Una exposición excesiva o prolongada a los rayos ultravioletas puede generar daños severos en los componentes celulares de la piel. Los rayos pueden dañar la epidermis y los vasos sanguíneos superficiales de la dermis. Además, estimulan la producción de radicales libres, modifican la estructura de los queratinocitos y alteran los mecanismos naturales de protección de la piel. Cuando la inmunidad local de la piel se ve alterada, se incrementa el riesgo de que aparezcan infecciones bacterianas en la zona. Una exposición prolongada a niveles dañinos de rayos ultravioletas puede originar cambios en las estructuras profundas de la piel y la posible aparición de tumores. Los gatos de pelo blanco o sin pelaje son los más vulnerables a estos efectos. En el resto de las razas, los bordes de las orejas, la nariz, los párpados inferiores y los labios son las zonas con mayor riesgo de presentar lesiones.

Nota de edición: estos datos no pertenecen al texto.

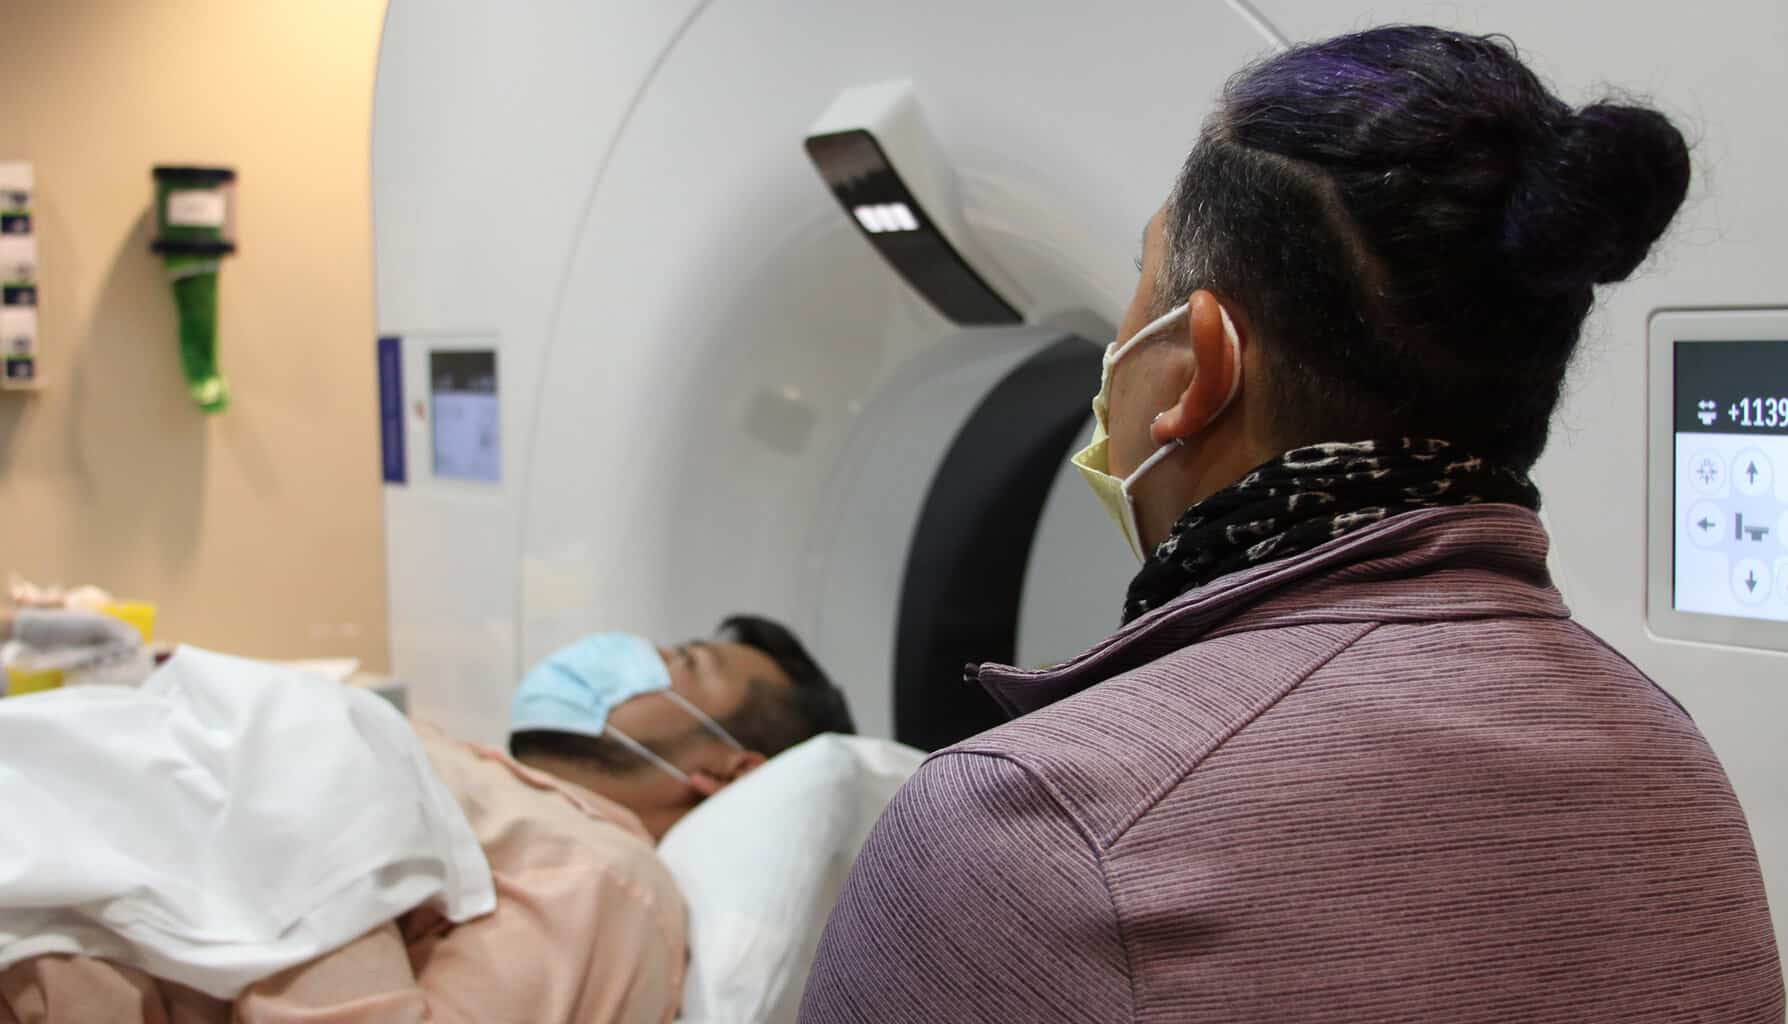 Spanish Interpreter helping translate information for patient from tech during Mri

Las enfermedades o daños asociadas a los efectos del sol dependerán de la intensidad de la radiación, el tiempo de exposición, densidad del pelaje del animal, pigmentación del pelo y la piel y factores de susceptibilidad individual como que haya una enfermedad concomitante u otros problemas de piel. Los principales efectos a vigilar serán:

  • Quemaduras: son el daño más inmediato y visible. Cuando son profundas pueden acompañarse de infecciones bacterianas secundarias
  • Dermatitis solar o actínica: presenta la piel enrojecida, pérdida de pelo, irritación e inflamación de la zona. Cuando aumenta la exposición pueden aparecer costras, úlceras y ampollas que producen un intenso picor
  • Carcinoma de células escamosas: El daño crónico de la piel puede producir la transformación maligna de las células, lo que lleva a que se produzca un tumor
  • Hipertermia o golpe de calor: principalmente en la época estival cuando las temperaturas se elevan a niveles agobiantes. Los felinos no sudan, y para liberar calor, jadean o se lamen

Aunque estas enfermedades no son muy frecuentes en los gatos, es recomendable la prevención de estos riesgos. Así deberemos intentar evitar que nuestros gatos se expongan a los rayos del sol, sobre todo, en las horas puntas del día y de forma prolongada. Deberemos recurrir al uso de las cremas protectoras solares, específicas para gatos, y aplicarlas en las zonas de mayor riesgo. No se deben utilizar las cremas comercializadas para humanos ya que pueden resultar tóxicas para el animal.

Por último, ante cualquier lesión sospechosa, debemos acudir al veterinario de confianza como lo hacemos siempre ante cualquier posible duda que nos pueda surgir sobre la salud de nuestro peludo. Hagámosles sentir siempre seguros, porque LES QUEREMOS, LES PROTEGEMOS.